[DATASET SECTION — start]

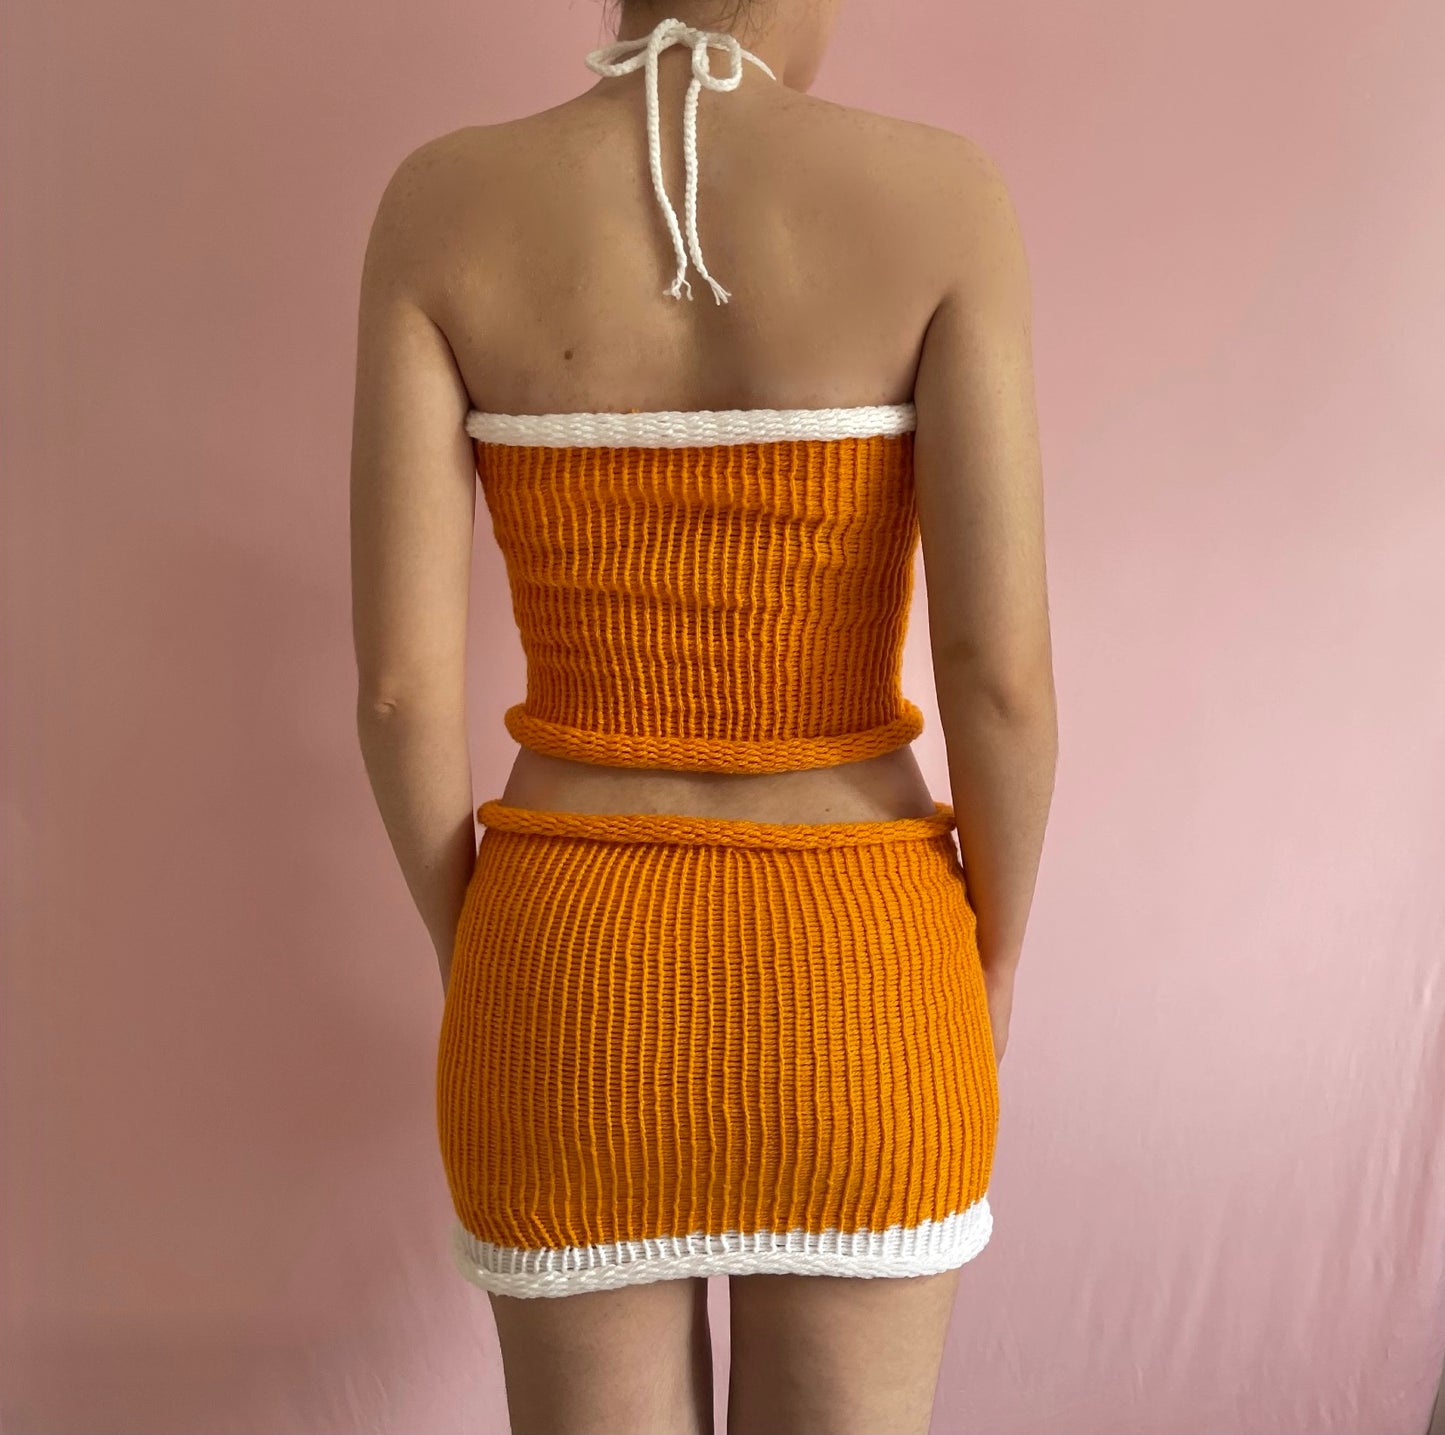 Handmade knitted colour block halter top in orange and white
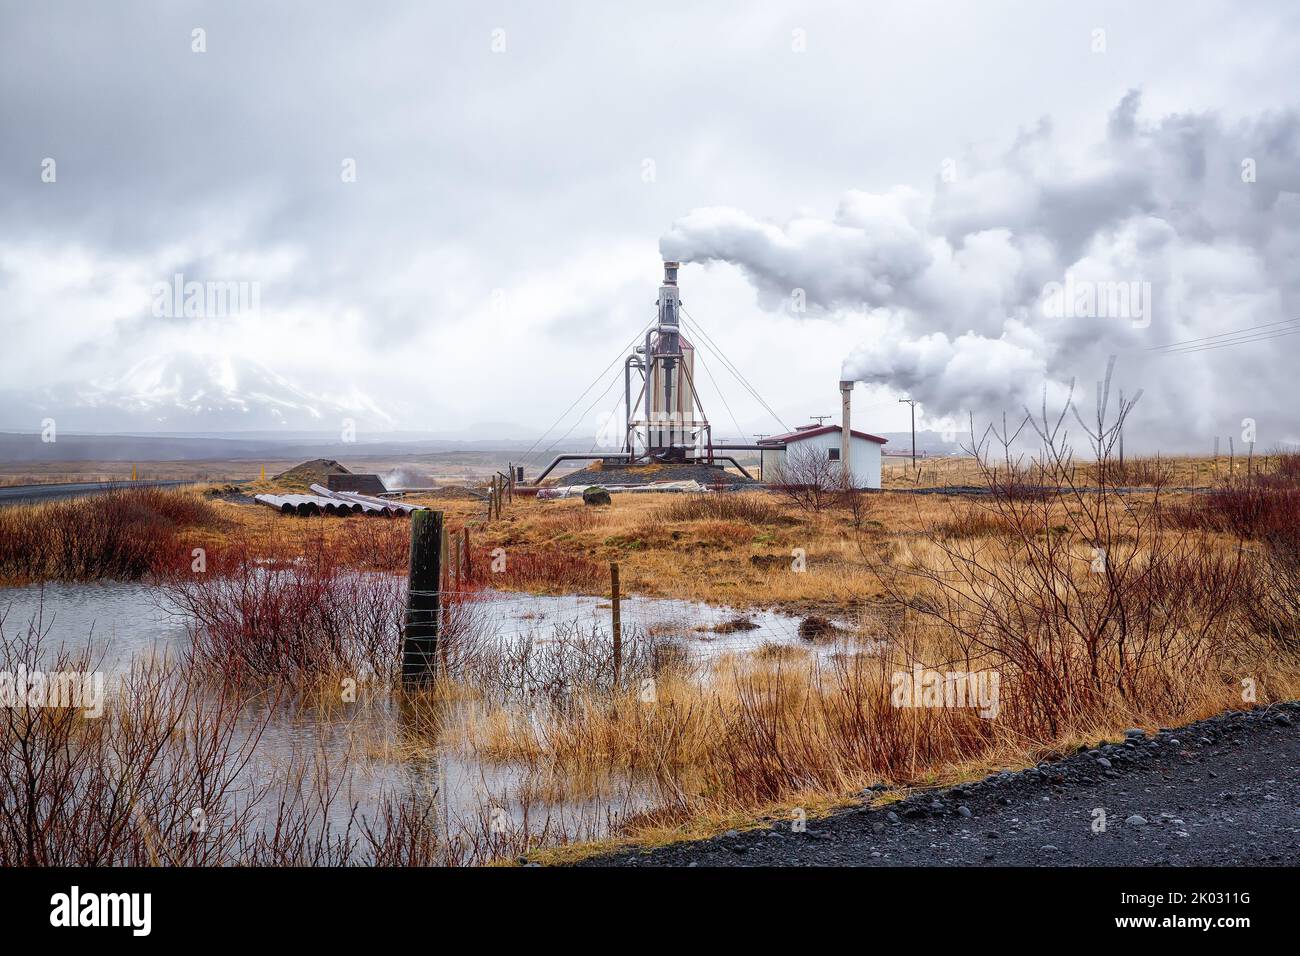 A geothermal pumping station off the road Stock Photo
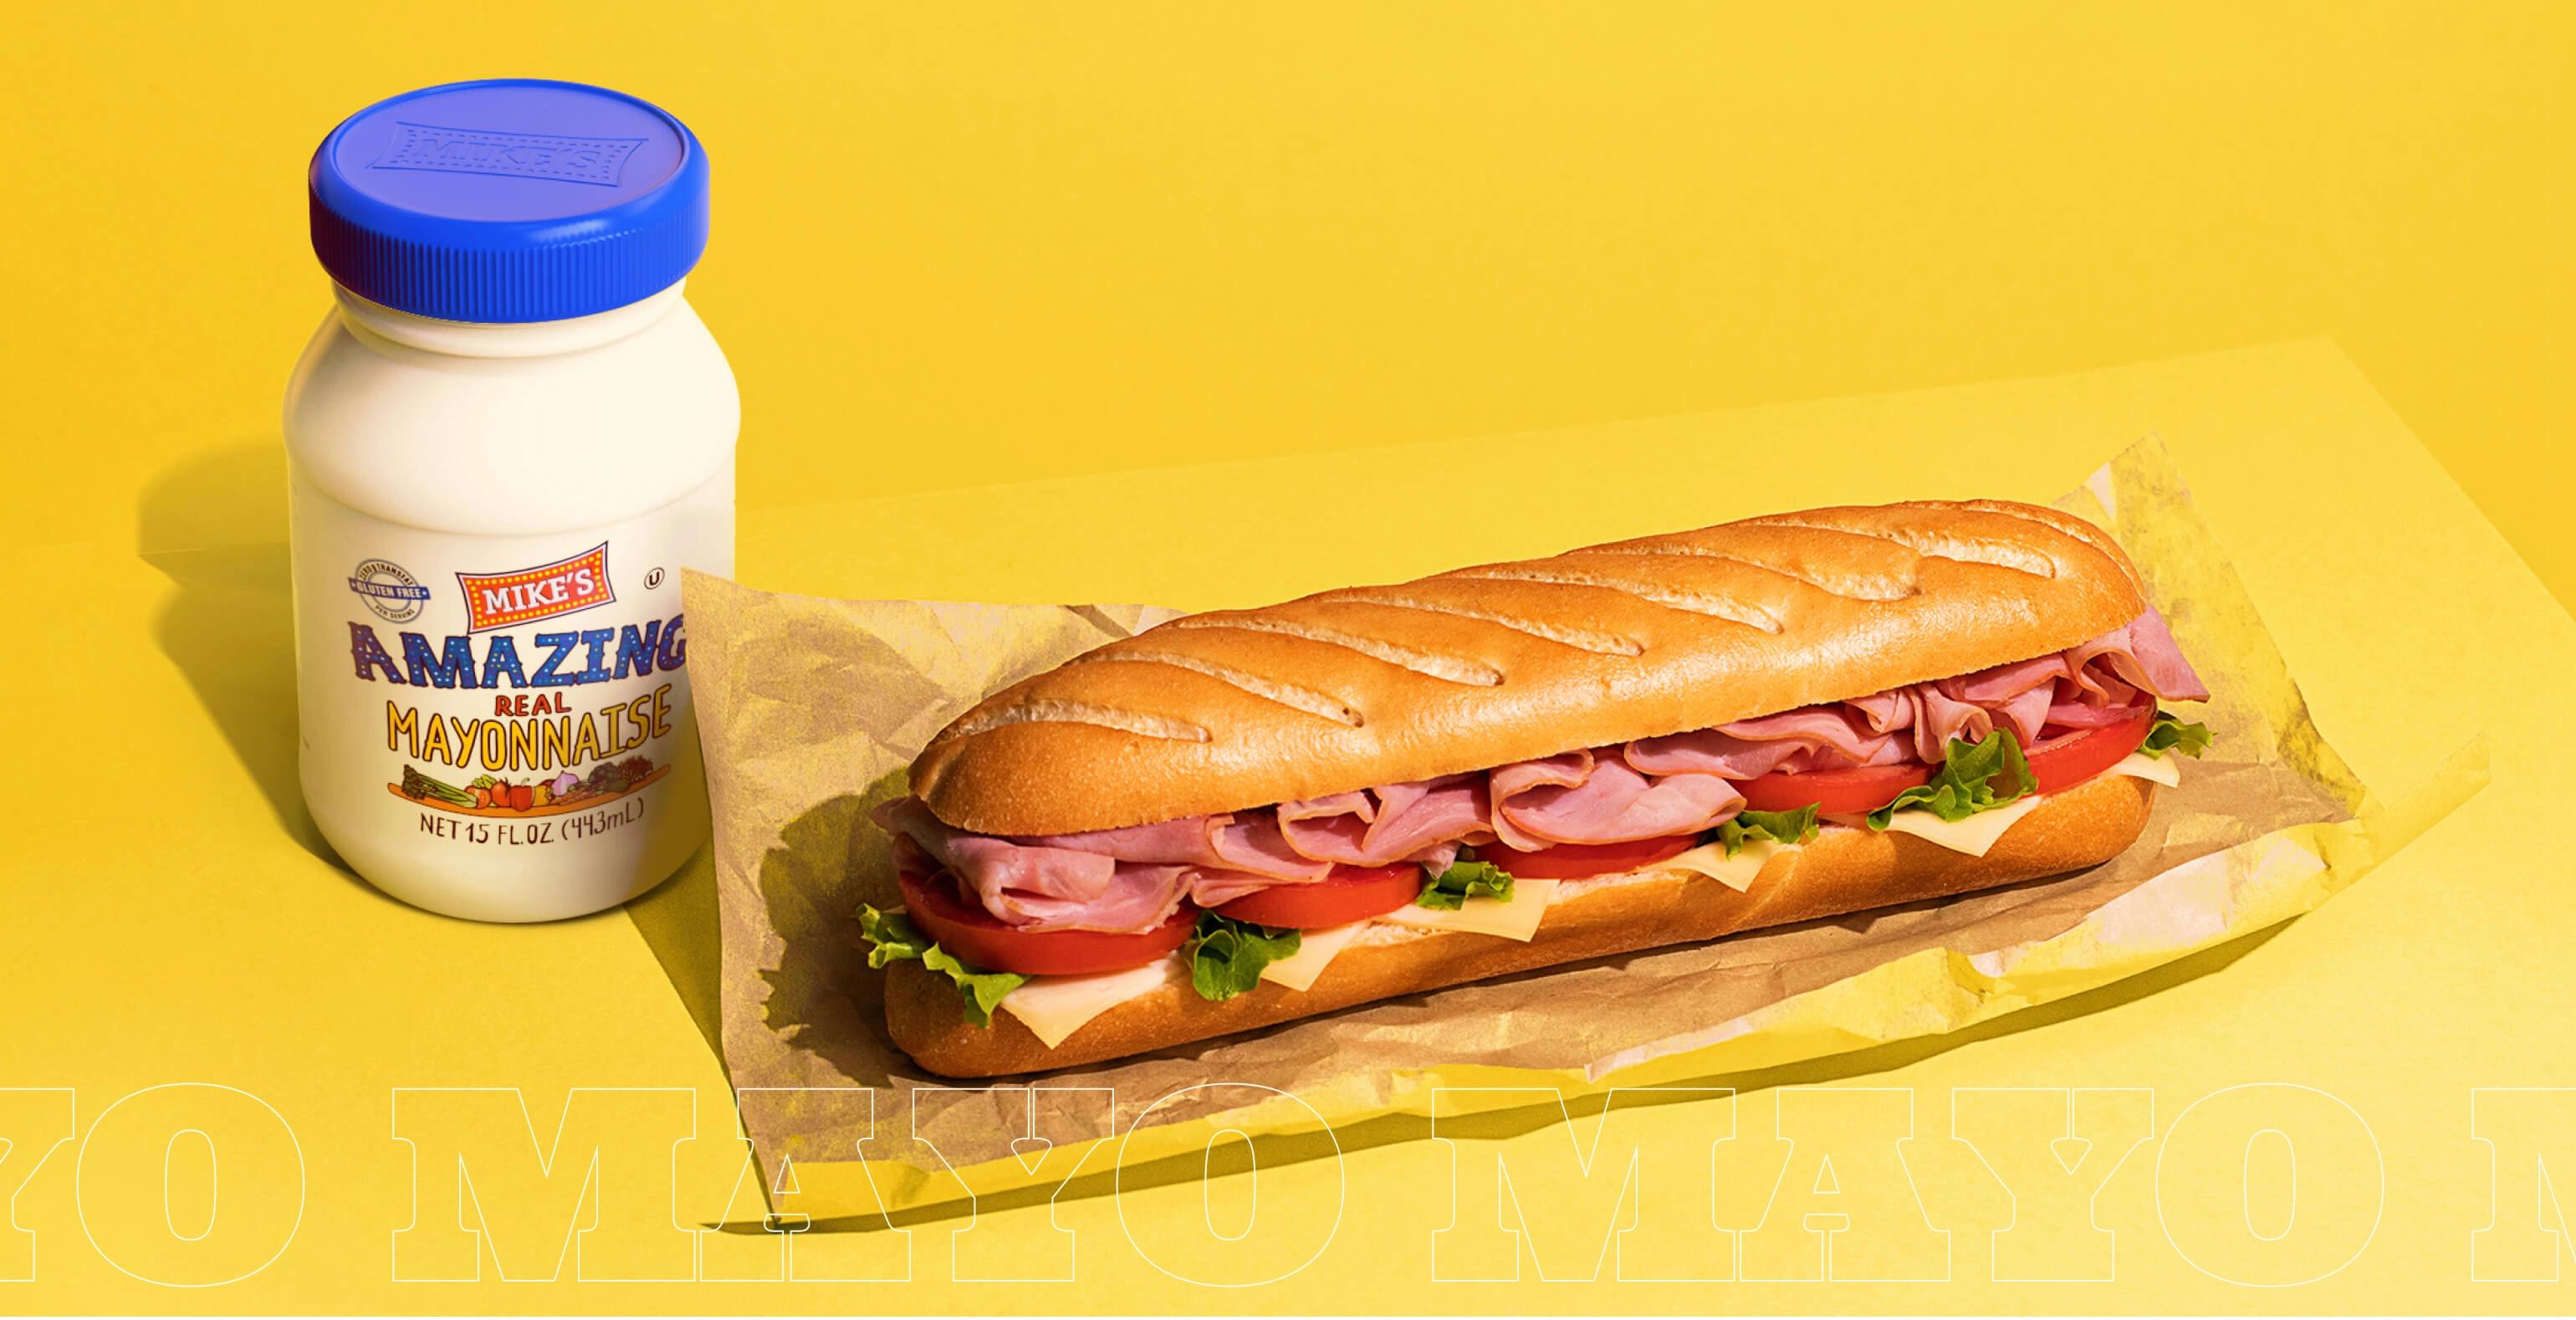 Mike's Amazing Mayonnaise next to a tasty sandwich.
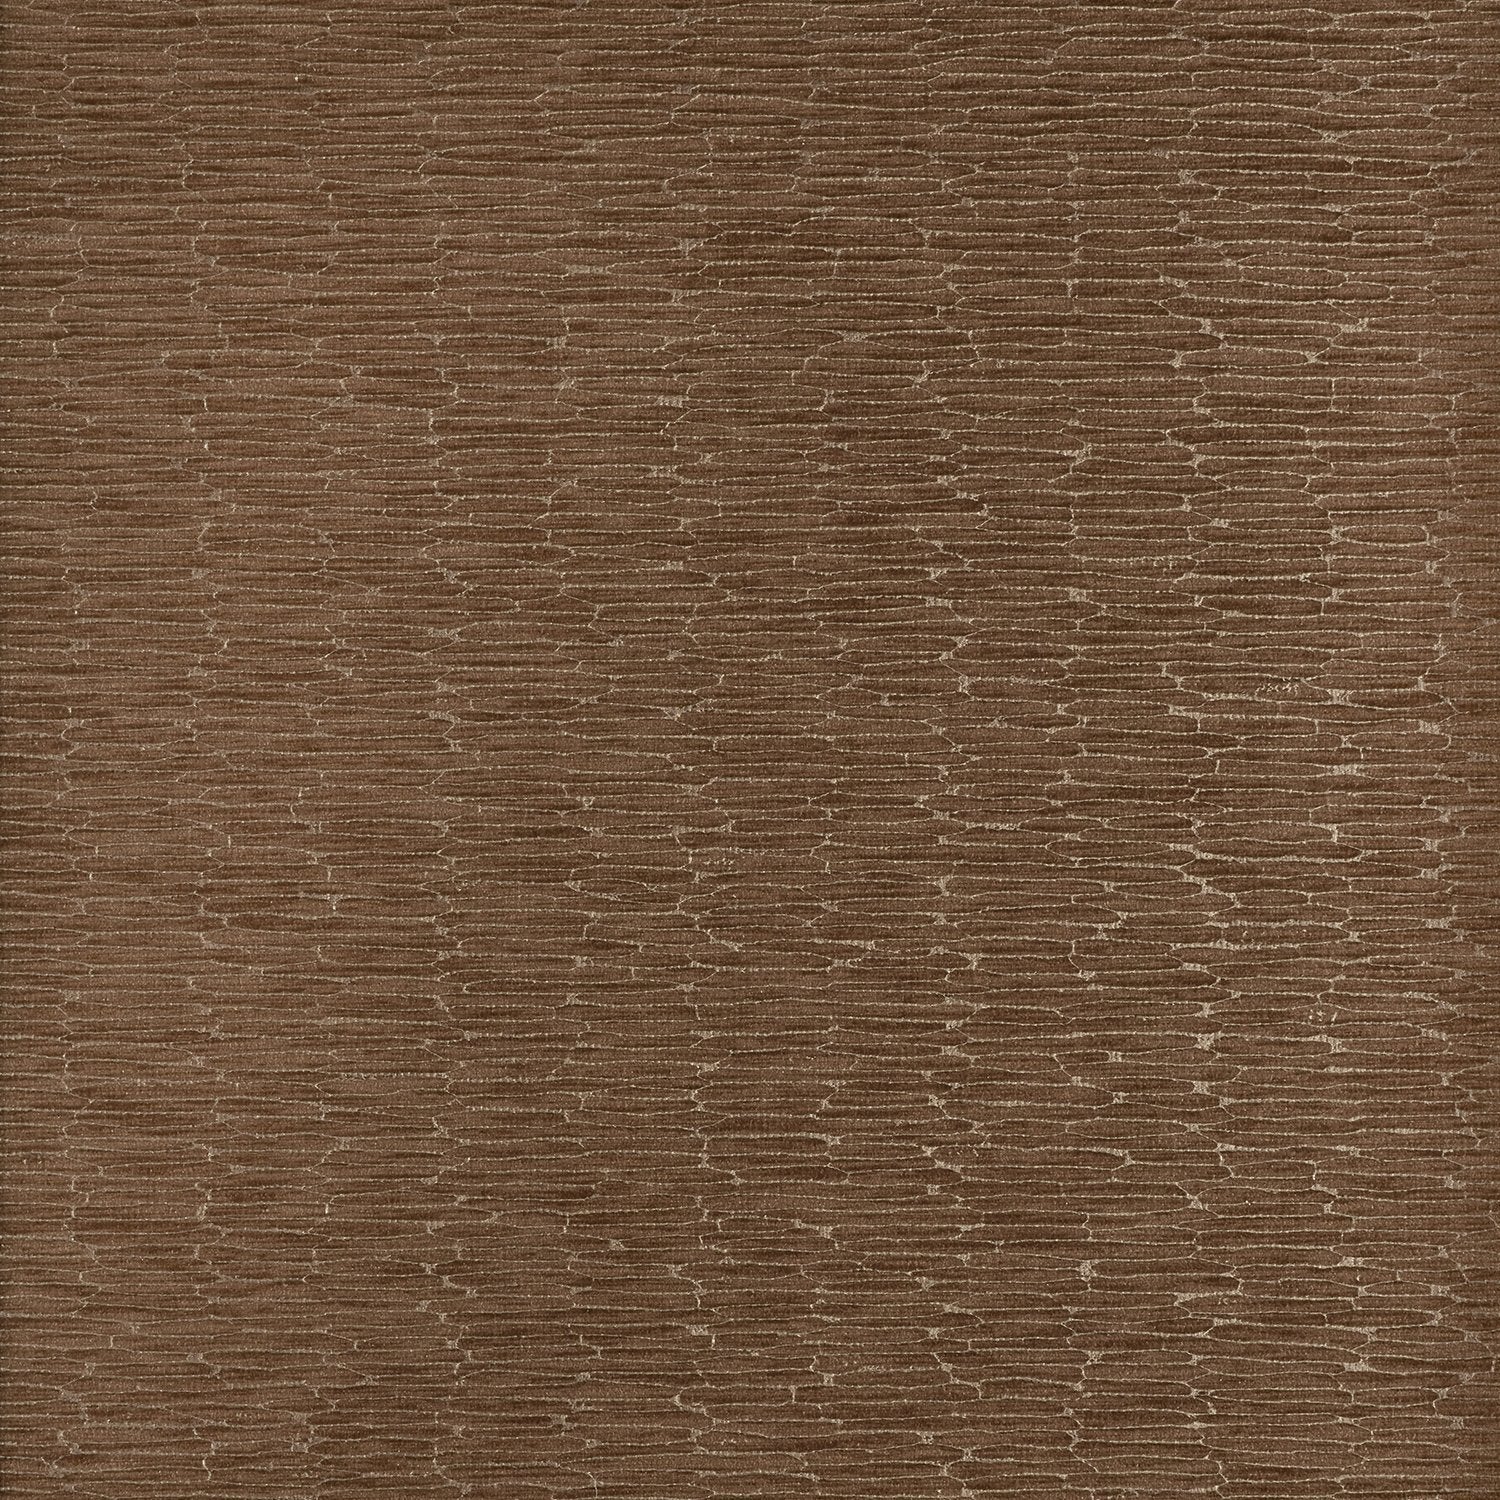 Chipper - Y46857 - Wallcovering - Vycon - Kube Contract

[DATASET SECTION — finish]

## ACTIVITY
Nothing but the lines from the one holding "A geothermal pumping" through the last line of the listing should appear in the answer, copied exactly and without pictures.

## EXERCISE OUTPUT
 A geothermal pumping station off the road Stock Photo
 Mike's Amazing Mayonnaise next to a tasty sandwich.
 Chipper - Y46857 - Wallcovering - Vycon - Kube Contract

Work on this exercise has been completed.